Rush’s diplomatic career concluded at the end of Polk’s presidency. But, after he returned to Pennsylvania, his name was increasingly mentioned as a possible nominee of the Democratic Party for the 1852 presidential election. Rush’s skills as a diplomat, however, did not transfer to those of a presidential candidate. In an 1850 letter to a gathering of Pennsylvania Democrats, he addressed the issue of slavery by invoking the Founding Fathers:
I am of those who think that our Union is in danger from [the slavery issue]; not a visionary danger … of a few ultras at each end of the Union, but a danger … of constitutional obligations.… When a Southern man has ventured upon a claim for his fugitive slave … men, otherwise good citizens … have carried their opposition to the verge of treason.… Are the present philanthropists superior, as pure men, wise men, patriotic men, to Washington and his great associates—the Franklins, Adamses, Madisons, Jeffersons … who signed or approved of the federal constitution with all its sanctions of slavery?8
Rush’s suggestion of treason soon came back to haunt him. In September 1851 a Maryland slave owner and his two sons, accompanied by police officers, went to Christiana, Pennsylvania
, to retrieve runaway slaves who were hiding there.
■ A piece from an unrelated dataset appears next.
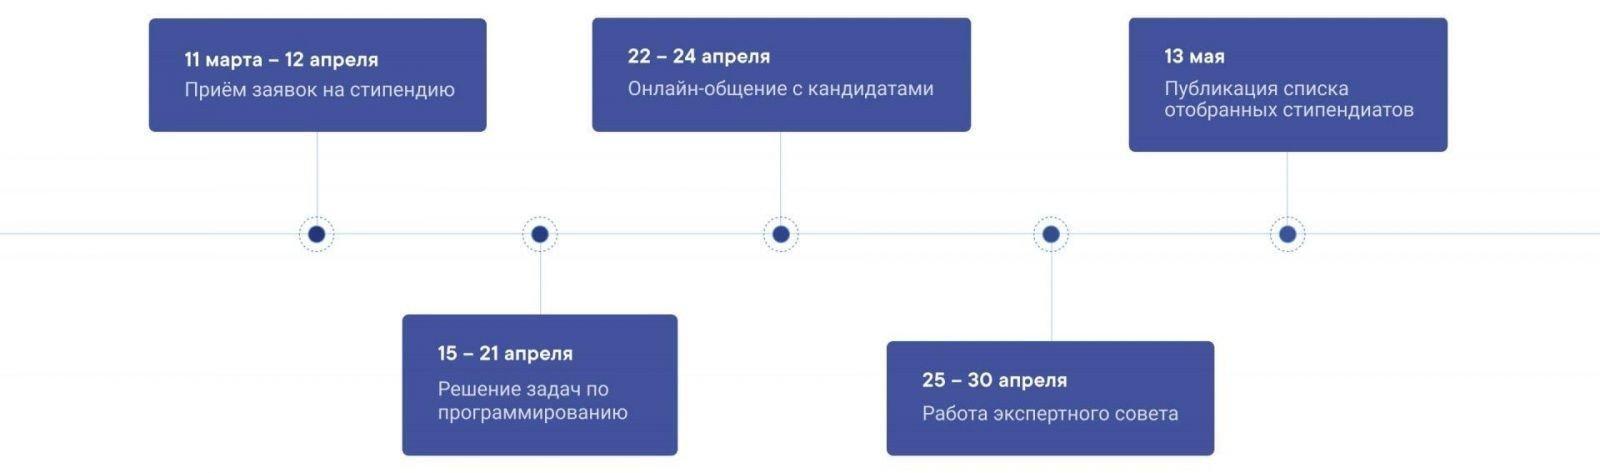 ВКонтакте открыл приём заявок на вторую стипендиальную программу VK Fellowship (vk fellowship timeline)

The morning after their arrival, they were encircled by approximately eighty African Americans and whites who, on the prior advice of abolitionist leaders, demanded that the slave owner turn back. When the slave owner continued his effort (which had been made legal by the Fugitive Slave Acts of 1793 and 1850), shots were fired and a melee ensued in which the slave owner and one of his sons died. The grand jury indictments that followed were for treason, rather than murder, so that the charges could be (and were) brought against not only those who fired the fatal shots but also everyone else in the gathering and against those who had previously advised them. The antislavery press, citing Rush’s earlier remarks, was not kind to the candidate. Boston’s The Liberator wrote:
Richard Rush mourns over the fact that his state is the only one in which treason has repeatedly been attempted against the United States.… Some [of those indicted] were merely present, looking on but taking no part in the affair. Some simply gave information in advance to the fugitives attempted to be arrested.… All these are indicted for treason, for “levying war”—for treason, according to the United States Constitution, “shall consist only in levying war” or adhering to the enemies of the United States, giving them aid or comfort.
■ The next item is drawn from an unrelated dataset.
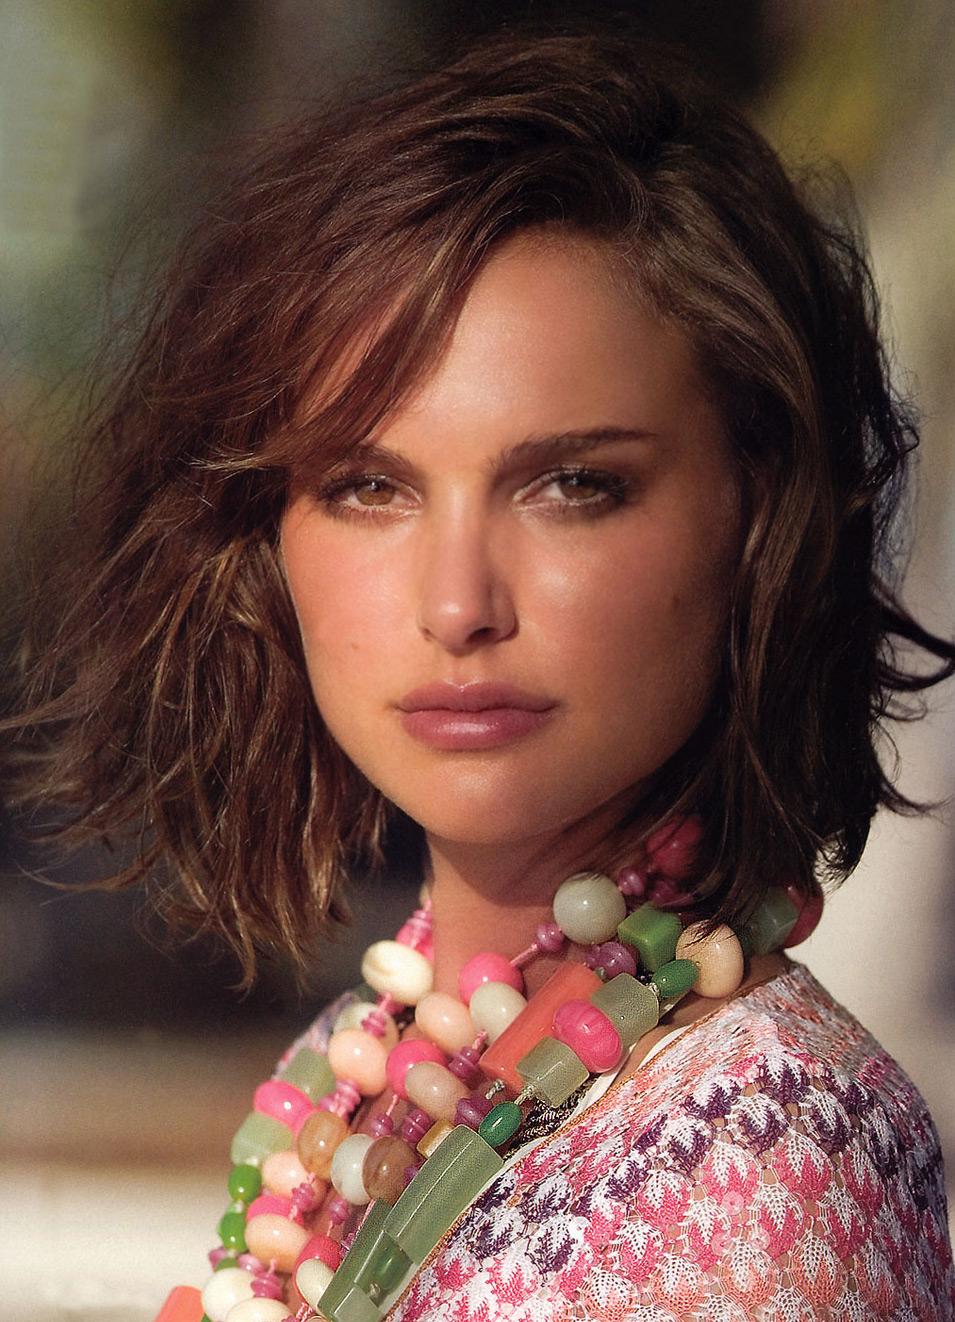 Natalie-Portman-hairstyle.jpg

The magazine National Era stated that “Mr. Rush is evidently not the man for the hour. He is timid, fearful, trembling. He does not counsel support of the Fugitive Slave Law because it is proper, just, and right; but [because] the ‘eyes of the South’ are upon Pennsylvania.” In a separate article, the magazine even used Rush’s success as ambassador to France to castigate him in the political arena: “We presume this humane ex-minister studied the philosophy of the guillotine when in Paris.… As cutting off peoples’ heads has proven so efficacious in promoting a holy reverence for law and order in France, the venerable gentleman seems to be under the impression that strangling people must be equally beneficial in Pennsylvania.”